I have been trying to get the perfect recipe to make airy and light Eggless Chocolate Sponge Cake. So far, I have been using premix to make the cake but now it isn't available anymore and hence I want to make it on my own. Following are the recipes:

*Premix Cake (DREAM CAKE) recipe:*
270 gms cake mix
80 ml Oil
200 ml water

*My Cake recipe:*
1.5 cups all purpose flour
3 tbsp cocoa powder
1 cup sugar
1/4 cup oil
1 tsp baking soda
1 tbsp lemon juice
1 cup water
1/4 tsp salt
1/2 tsp vanilla

*Few other details:*
For both cakes (DREAM & MY CAKES), I have used convection mode in oven and baked both of them at 180 degrees for 30 minutes using the same size pan and used exactly same quantity of batter for both cakes. The only difference in both cases is the recipe.

*Results:*

*DREAM CAKE:*
- Cake is very spongy, airy and light.
- Cake leaves the sides of pan after 30 minutes of baking.
- Perfect taste and dry texture.
- Height of DREAM CAKE more than height of MY CAKE.
- Doesnt stick at all.

*MY CAKE:*
- Cake is not very spongy or airy. It is heavy.
- Cake doesn't leave the side of pan after 30 minutes of baking.
- Very sticky.
- Height of MY CAKE less than height of DREAM CAKE.
- To increase the height or incorporate air, if I use excess baking soda, volume increases, but taste turns soapy.
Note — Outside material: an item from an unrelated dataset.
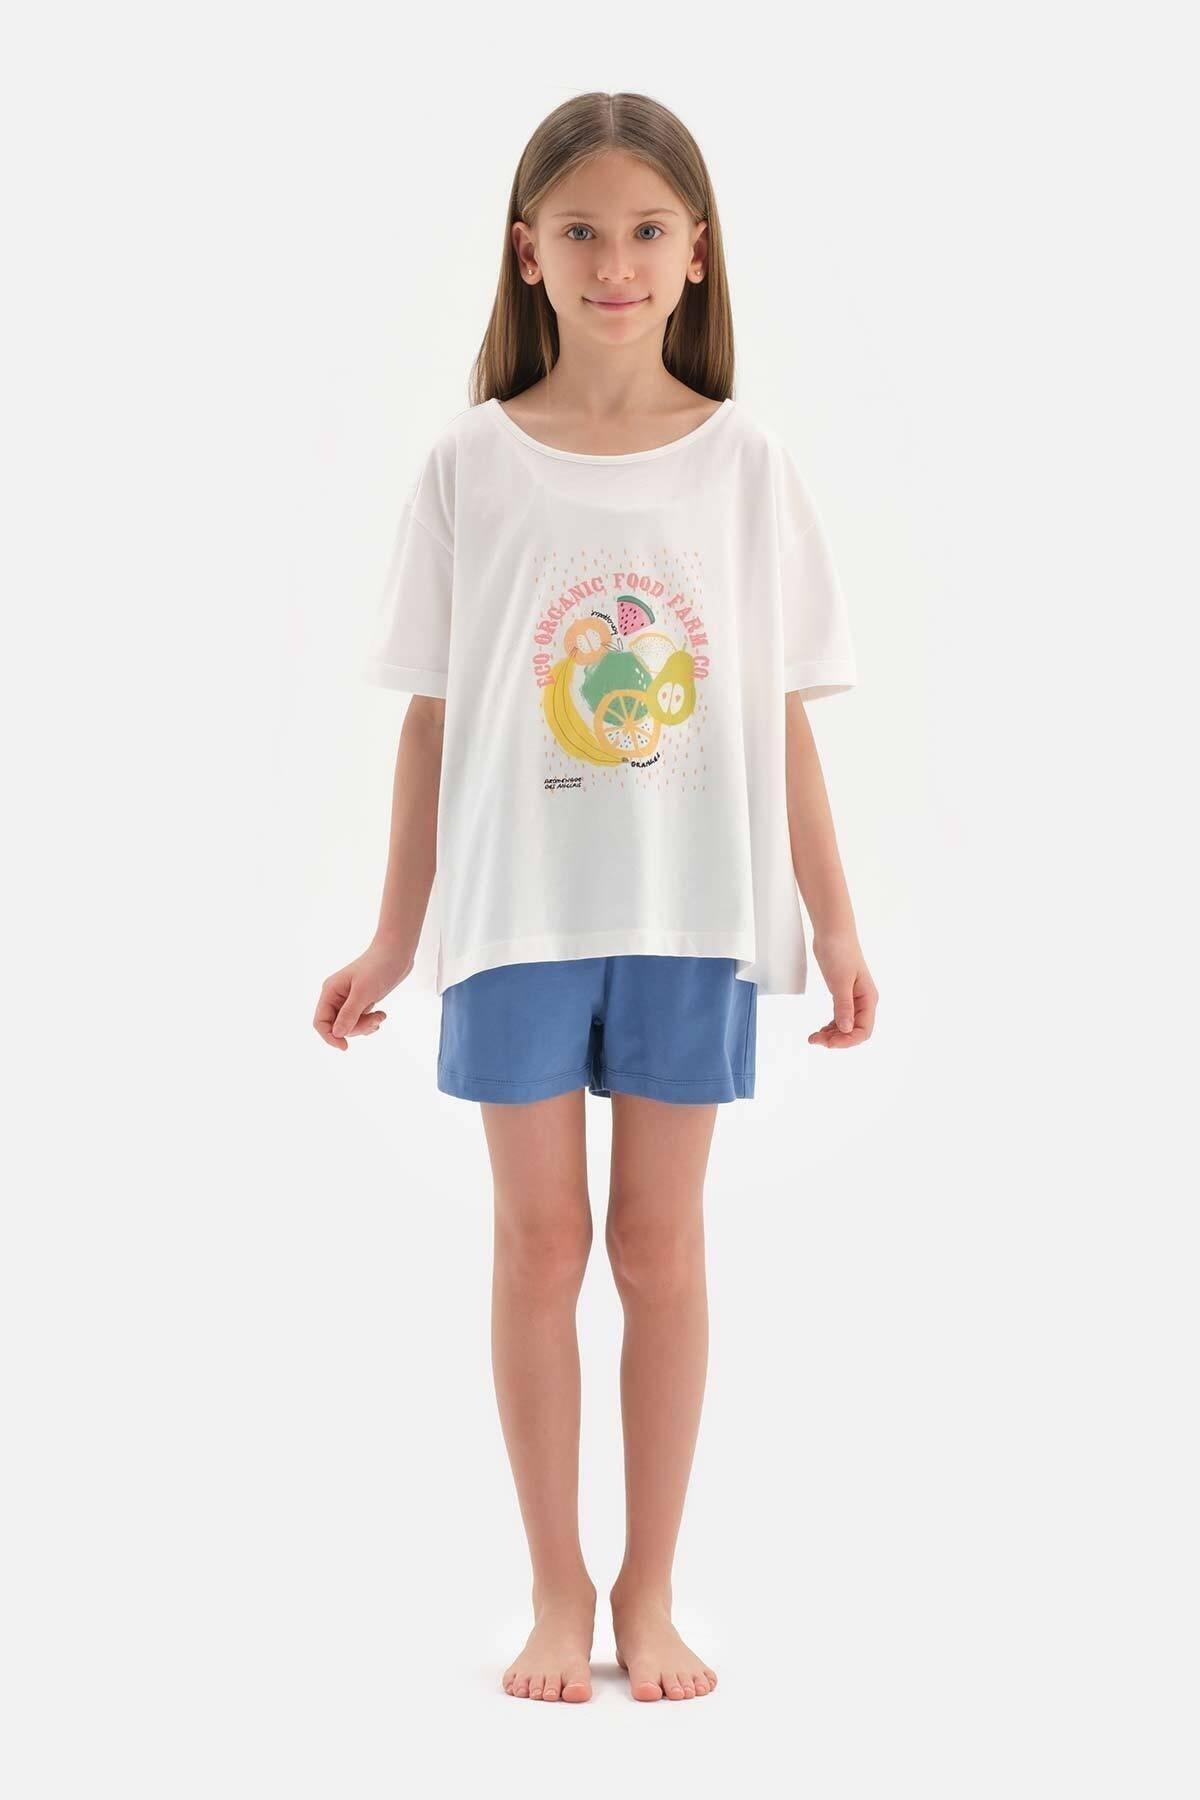 Dagi - White Print Detailed Short Sleeve Pyjamas Set, Kids Boys
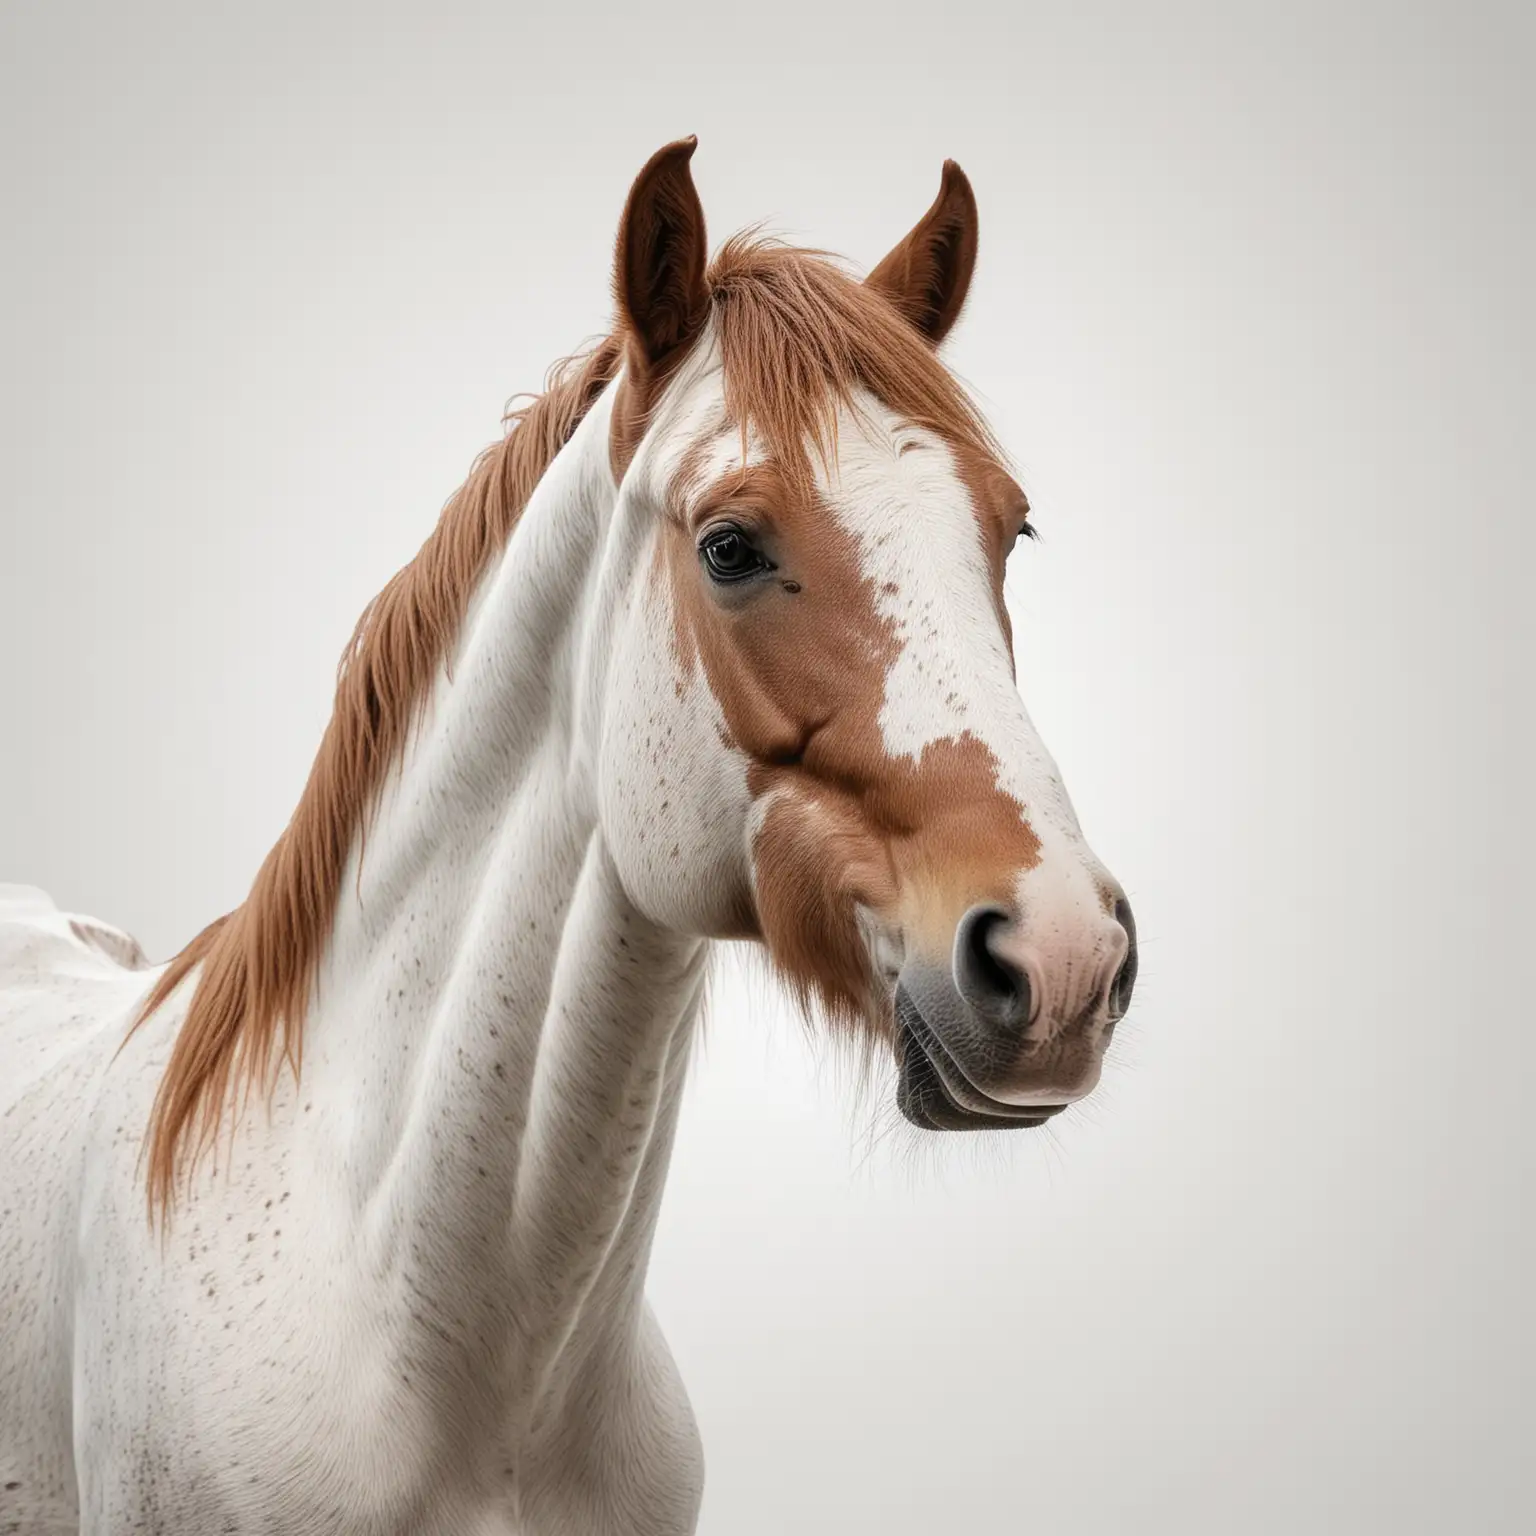 Un caballo viendo hacia arriba con un fondo blanco

I can't use eggs because most of us at our home are allergic to eggs. If you can let me know, what change can I make in my recipe to make it more airy, more light and less sticky, I would be eternally grateful to you.

Thank you in advance.


----------



## Pat Pat (Sep 26, 2017)

Being allergic to the greatest and most versatile food item must really suck 

Cake premixes usually contain emulsifiers that helps with the structure of the cake. However, I have never seen one that is eggless like you mentioned though.


----------



## mannslove (Jul 26, 2018)

Yes, I have been using eggless premix so far. But I will try using other emulsifiers or egg-substitute.

Thanks a lot!


----------



## chrislehrer (Oct 9, 2008)

Do the batches vary significantly? I find myself wondering if the lemon juice is giving you unstable acid to react with the baking soda. I found a very similar recipe to yours (https://bakealish.com/eggless-chocolate-sponge-cake/), and the author uses just a tiny bit more baking soda but also white vinegar instead of lemon juice.

That article also suggests that the experts on this should be Indian bakers, though I confess I'm not entirely clear on why eggless baking is so important to them.

Good luck!


----------



## chefwriter (Oct 31, 2012)

If you still have a box of the cake mix, read the ingredients and see if you can obtain any or all of them.


----------



## mannslove (Jul 26, 2018)

Hi,

Thanks a lot for your advice. Helped me a lot.


----------